So what have I been up to since turning in The Spirit Lens? Besides catching up on some business around the house, I've been working on several writing projects.

First, despite my best intentions to avoid looking at The Spirit Lens for at least a month, I spent about a week rewriting those last 30K words. I sent it in having scarcely read it over, so there was lots to do. It is now much cleaner and I've put it aside. Giving yourself time away from a manuscript is the first rule of Revision.

Second, I've been dabbling with the opening of The Soul Mirror. I've written some notes in the line of "Unanswered questions" and "What's been happening in the four years between the books?" Much more about that in another post.

But my most serious work has been on a short story for the Rocky Mountain Fiction Writers' 2009 anthology called Broken Links, Mended Lives. This is a 5K word story, as opposed to the 25K word novella Unmasking (Elemental Magic, Berkley 2007). As you may have guessed, I just don't write short, mostly because I don't read short. I like to get invested in characters, and I just hate it when I've just gotten involved and it's over. But I agreed to do this story - the editors are my excellent friends - and I had to do it quick. And my enjoyment in writing Unmasking had a lot to do with my agreement to do this!

So 5000 words. Not much time for world building. Not much time for character development. I am convinced that people who write excellent short stories are akin to poets. Because the trick seems to be, Make every word count. No time for those wishy-washy verbs or weasel words like very, quite, half, really, almost. No time for a plethora of adjectives or extra dialog tags.

Even more difficult, you still have to produce a story arc. Some kind of beginning, middle, end that incorporates a fundamental change. My first draft turned out flat, a young woman in a post-apocalyptic world finds out something stunning that changes her life, only...I didn't show it. Her reaction was so subtle, her character so accustomed to holding everything in that she...held everything in. I knew it. I felt it. My critique group confirmed it. And...

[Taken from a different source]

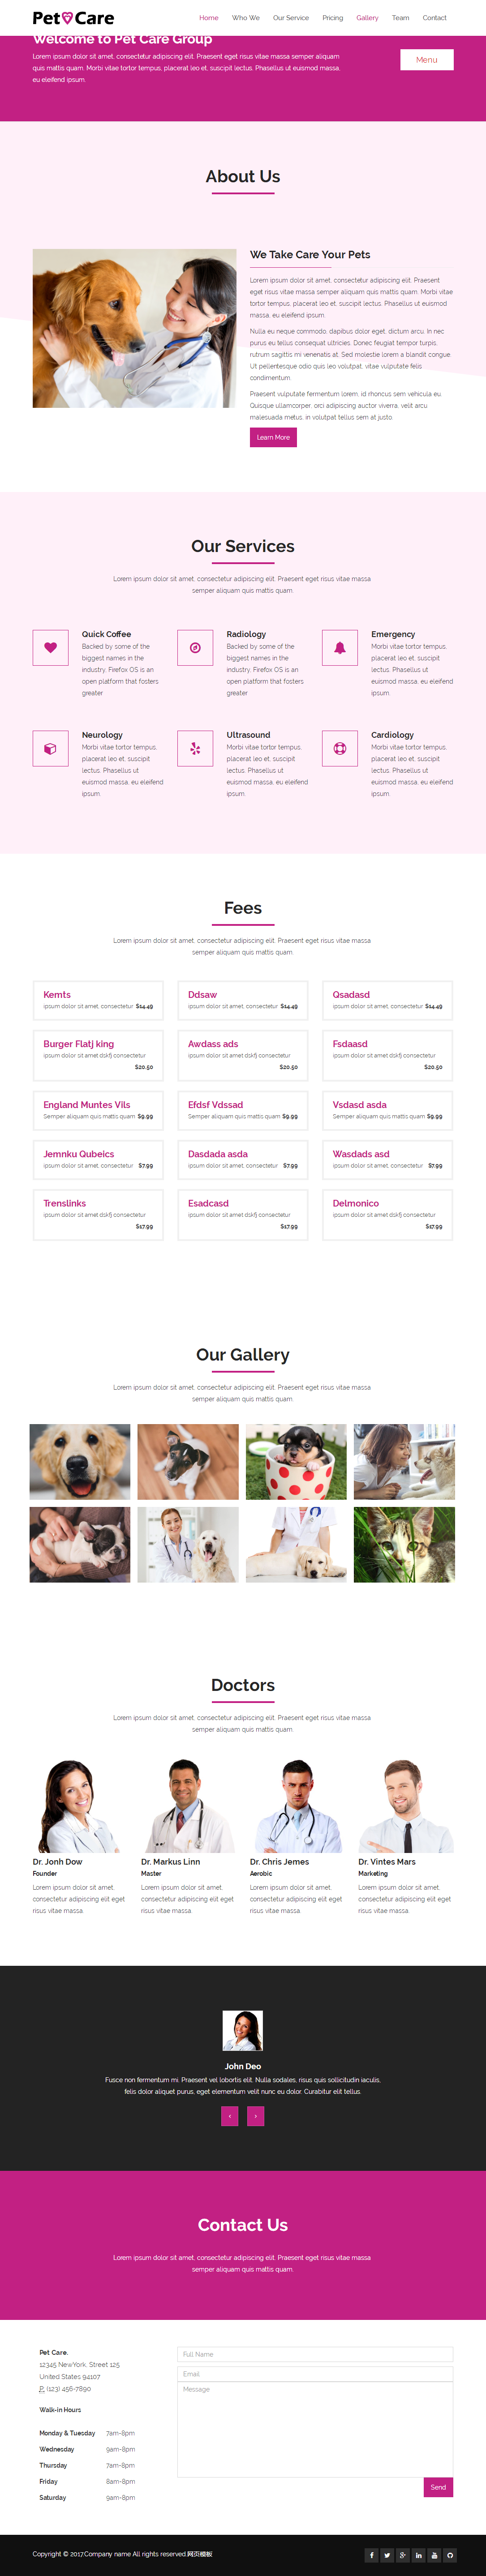 粉色宽屏风格的宠物医院网站模板下载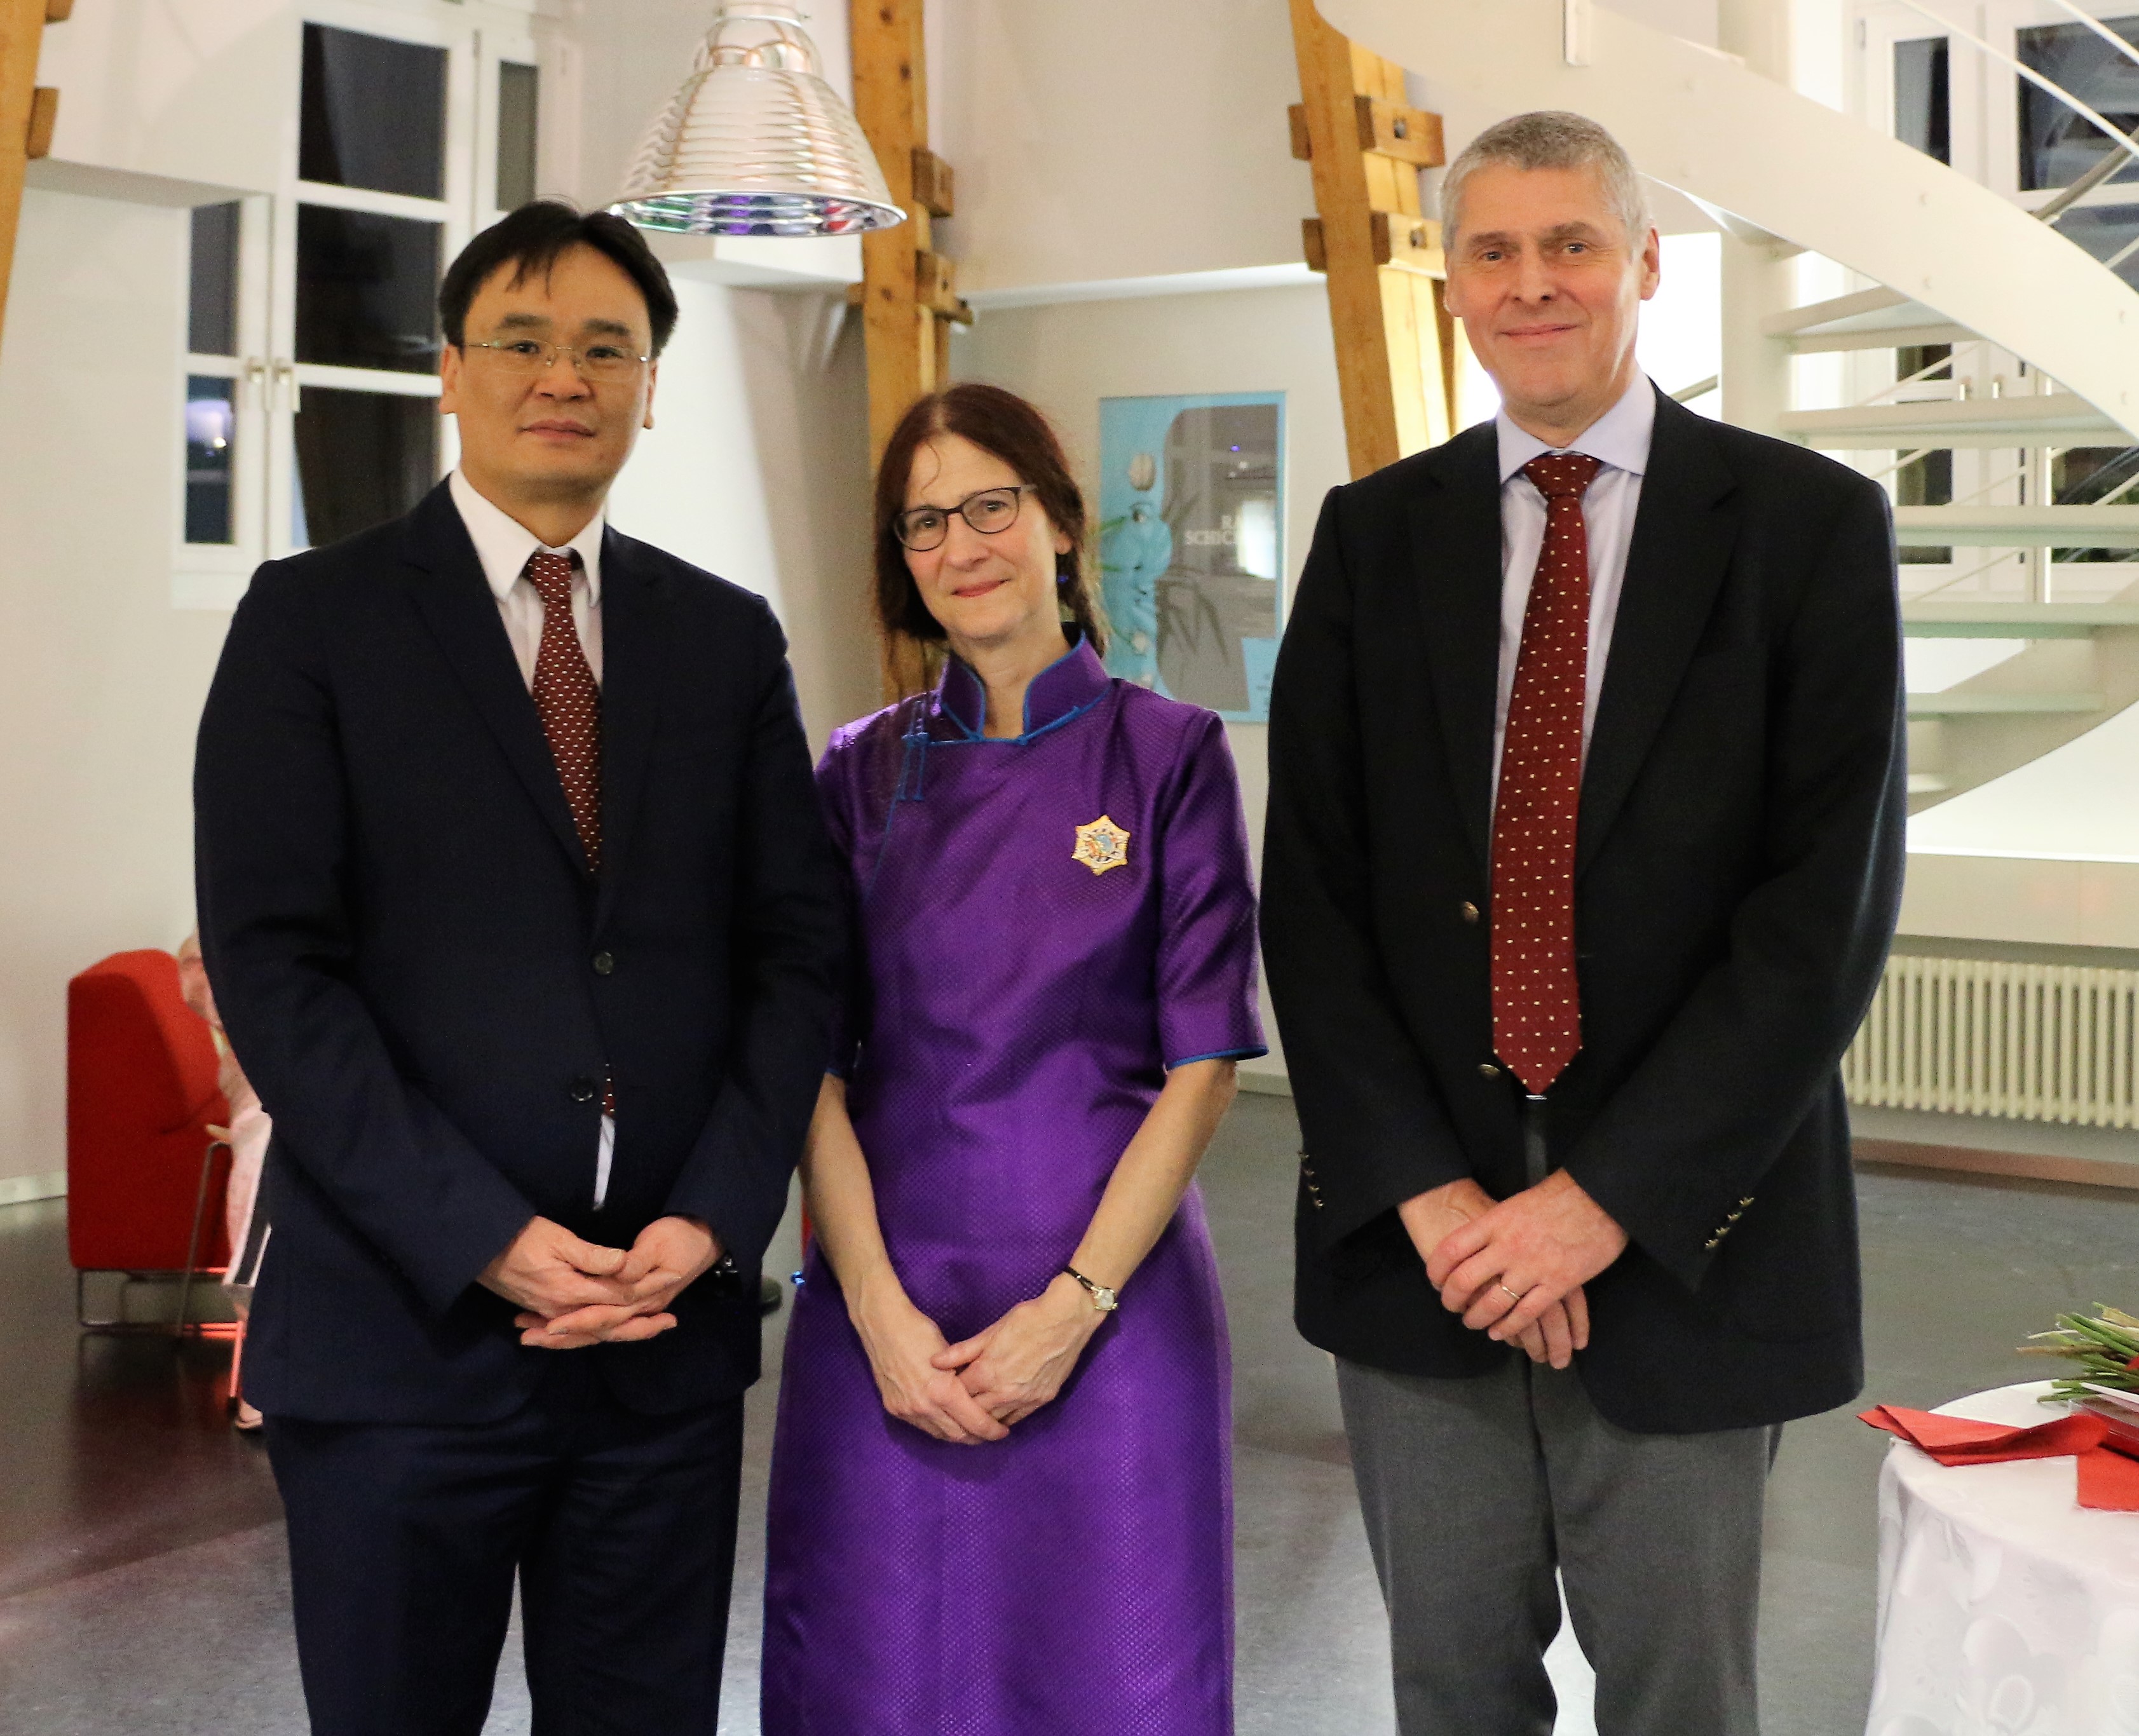 Professorin Karénina Kollmar-Paulenz trägt den Polar Star-Orden und ist mit dem mongolischen Botschafter Achgerel Nyamjav und Rektor Christian Leumann abgebildet.

I fixed it! It only took a few extra words. A few reactions on her part. A clearer presentation of her choice. A slightly more visible struggle. And just three or four words at the end that demonstrated her fundamental change. And it came out 5017 words.

Want to read a teaser?


At Fenwick Faire

My parents never told me I had Talent. Perhaps they thought it undignified for the daughter of a city magistrate, or felt it might frighten me or make me insolent. Or maybe they just left it too late, and had the lack of consideration to die of plague before warning me.

Now don't think me unfeeling, but when one is ten years old and the whole world seems to be dying of plague, or slaughtering each other for fear of it, or taking flight to escape it, one has little time to grieve, or even to recall why one should. When civilization has erupted into chaos, the next meal looms much larger in importance than past grieving.

Six years I spent scrabbling in search of that next meal before I trudged up a rock-blasted hill and through the iron gate of Fenwick Priory. By that time I had seen far more of men and life than was really necessary, and taking up residence with a group of similarly exhausted women seemed sensible. The sisterhood grew vegetables, kept to themselves, and did no good works to speak of. I had no illusion that this would be a permanent situation. The sisters didn't seem that agreeable, and entanglement of any sort made me want to cram a shiv in someone's craw.

"You'll tend a plot, Girl," said the bony Prioress, licking the beaded honey from a suckle blossom grown right out of the crumbled courtyard wall. "Each of us has one."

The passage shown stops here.